Quelle journée riche en couleurs et en vécu ! Dans cette Jérusalem qui voit venir de prêt, de
loin et même de très loin des personnes venir fêter la pâque, des juifs d’horizons et de cultures différentes et aussi des sympathisants du judaïsme….
Que de vies différentes sont rassemblées dans les rues et les maisons ! Et toutes ces personnes viennent par cette fête inscrire dans leur histoire et leur vie cet acte de leur Dieu qui les a sauvés ou qui les sauvera de l’esclavage. Et ainsi enfin vivre en liberté !
Est-ce une parole effective ou une parole promise qui est fêtée ? Dans le remue-ménage de ces jours de fêtes, se croisent aussi ceux et celles venus pour la fête et ceux qui occupent Israël… qui ne frôle pas le bras d’un soldat romain en allant et venant dans les rues pour
préparer le repas de la pâque ?
Il y a quelque chose d’incroyable, de fort de fêter la liberté là au milieu de l’occupation. C’est un faire mémoire d’un acte fondateur de l’identité de chacun-e et l’affirmation d’une espérance d’un Dieu qui libère.
Et là au milieu de cette fête, dans une chambre haute Jésus a rassemblé ceux qui lui sont
proches, ceux et celles qui l’ont accompagné sur les routes, ceux et celles qui ont entendu et
vu et vécu aussi cet amour et cette vie si grands qui débordaient de son cœur, de son être. Autour de lui, il a rassemblé celles et ceux qui ont vu dans son visage le reflet du visage du père. Lui qui était le visage du divin pour chacun-e qu’il rencontrait, révélant la présence de Dieu à leur côté.
Jésus sait la mort venir, il sait la séparation proche. Joie et tristesse, confiance et peur, conviction et doute s’entremêlent pour lui dans son cœur, dans cet instant d’adieux.
Que laisser à ses disciples pour qu’ils se souviennent de ce qui est si essentiel à la vie ? Alors le pain racontera la présence de Dieu, le vin racontera la vie débordante de vie et
d’amour désirée et offerte par Dieu.
Et ce geste de partage sera un faire mémoire qui vient éveiller et nourrir en chacun-e l’amour
et la vie : parce que ce geste déjà, c’est vivre et partager cet amour et cette vie.
Je vis et je partage déjà cette vie, lorsque je reçois le pain et que je donne la coupe avec ceux et celles qui sont assis à cette même table dans cette chambre haute (et dans cette chapelle de l’Arche).

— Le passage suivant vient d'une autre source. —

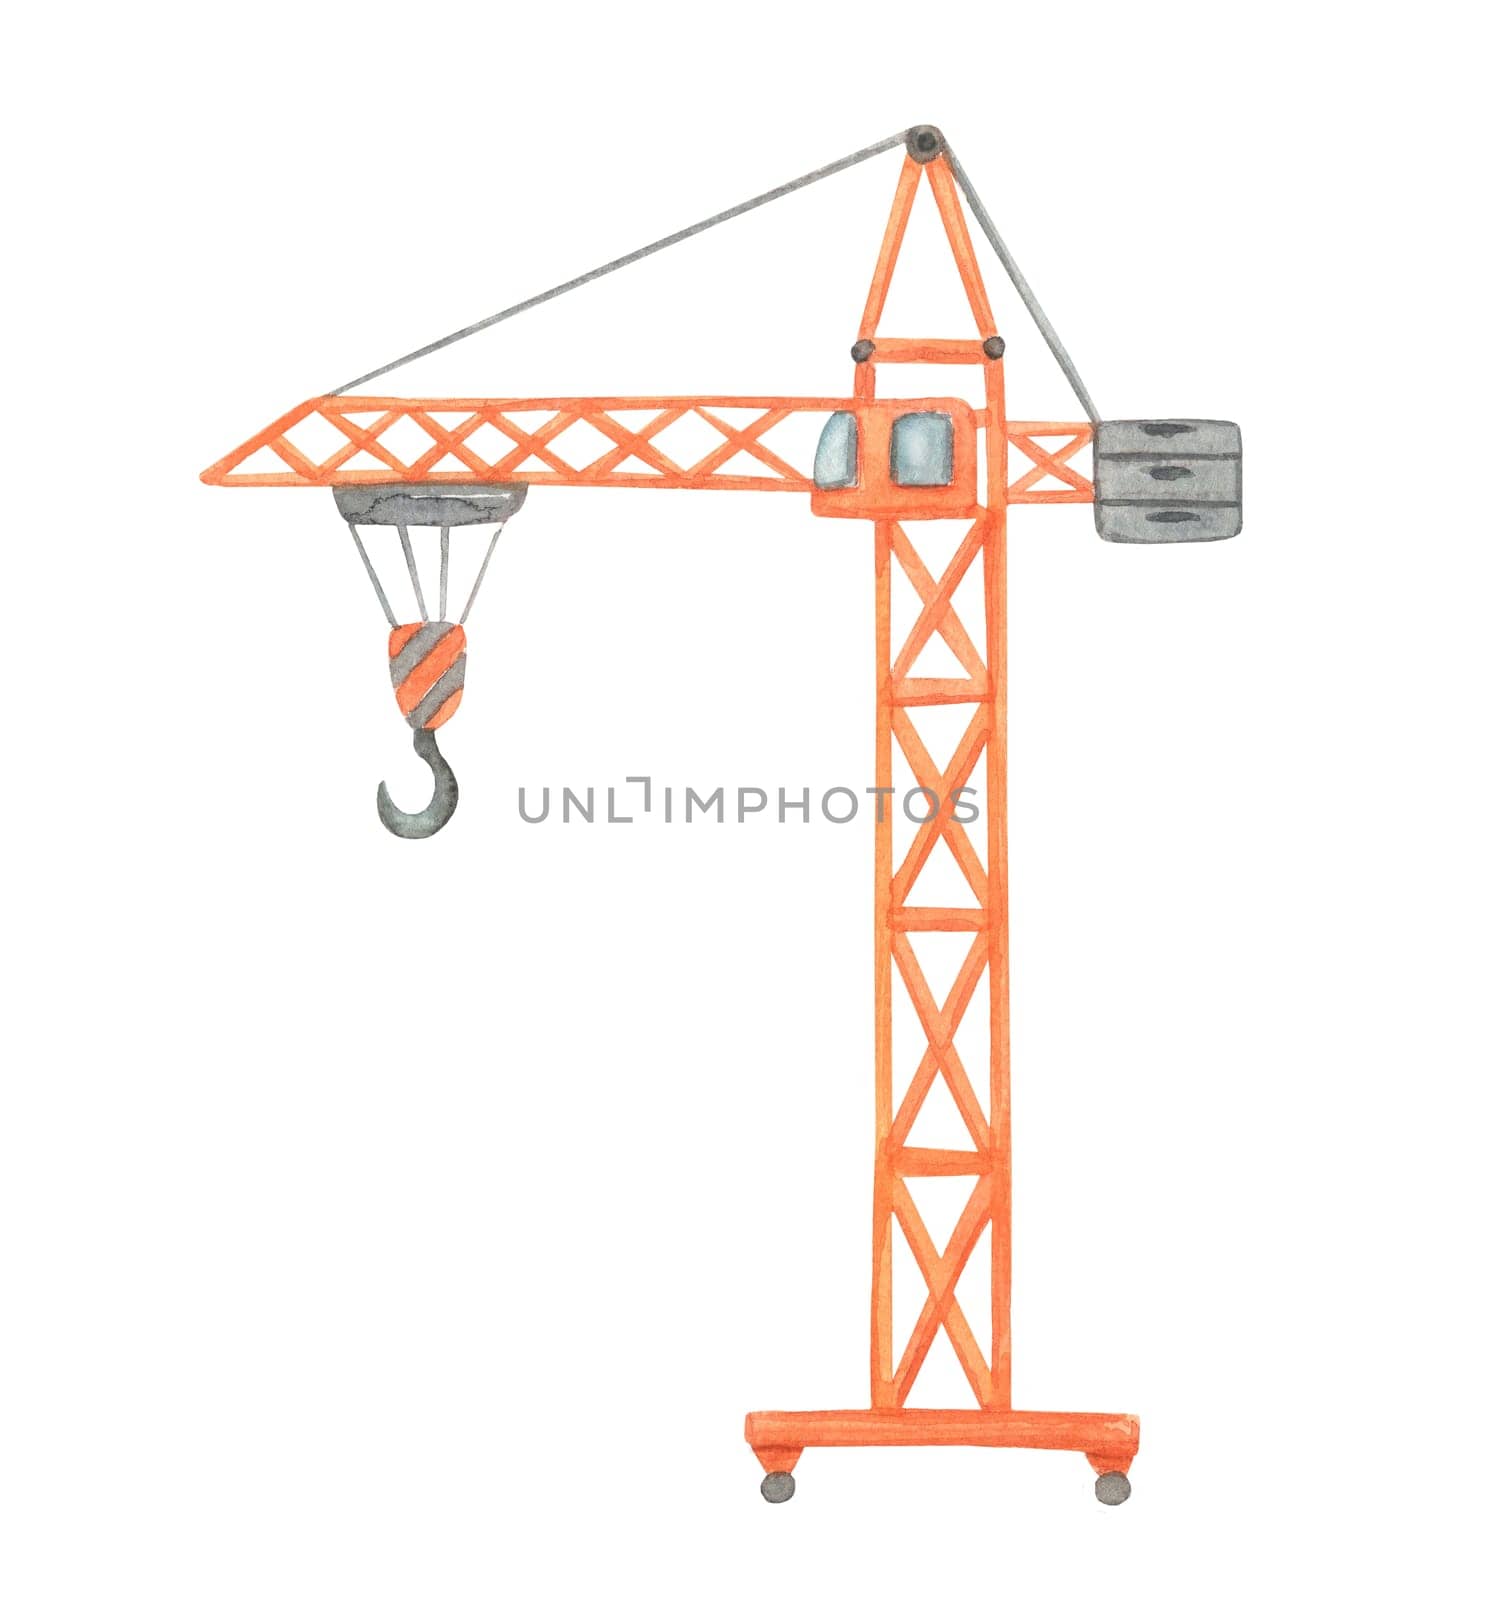 Construction crane. Watercolor illustration isolated on white background. Childish cute construction vehicle

Voyez chacun-e assis à cette table dans la chambre haute, si profondément humain, avec ses
parts d’ombres et de lumières, avec ses consistances et ses inconsistances, avec ses forces et
ses fragilités, avec sa vulnérabilité.
Voyez chacun-e accueillis à cette table, reconnu-e digne par Dieu et inconditionnellement aimé-e.
Ce geste, Jésus l’offre pour rassembler ses disciples parce que tant de choses et de
circonstances peuvent les disperser/éparpiller– ce soir, dans la chambre haute, cet acte
d’amour – précède la peur, la trahison, le reniement, l’abandon.
Il y a autour de cette table, un condensé d’humanité : enthousiasme, peur, amour, trahison, conviction, certitudes. Ce geste, Jésus le pose dans la vie dans toutes ses dimensions pour ceux
et celles qu’il a rassemblé, par amour.
Il y a quelque chose d’incroyable, de fort d’offrir un geste d’amour là au milieu de la vie dans
toutes ses teintes de clairs et d’obscurs. Il y a quelque chose d’incroyable, de fort de poser un geste d’amour avant la peur, la trahison, le reniement, l’abandon.

***
Et à y regarder de plus près, ce soir c’est peut-être bien dans ma chambre haute… là dans mon intériorité que ce geste m’est offert. Dans mon histoire, sur mon chemin de vie, dans mes relations (à Dieu, aux autres, au monde), ne suis-je pas un peu chacun de ses disciples ? Animé-e par un enthousiasme fougueux, habité-e par la peur, rempli-e de confiance, capable
de trahir la confiance qui m’est donné, aimant de tout cœur, reniant et niant l’autre par peur,
par honte.
Ce geste du partage de ce pain racontant la présence de Dieu et ce geste du partage de ce vin racontant la vie débordante de vie et d’amour désirée par Dieu, Jésus me l’offre ce soir pour
me rassembler, me réconcilier. Me voici accueillis à sa table, reconnu-e digne par Dieu et inconditionnellement aimé-e.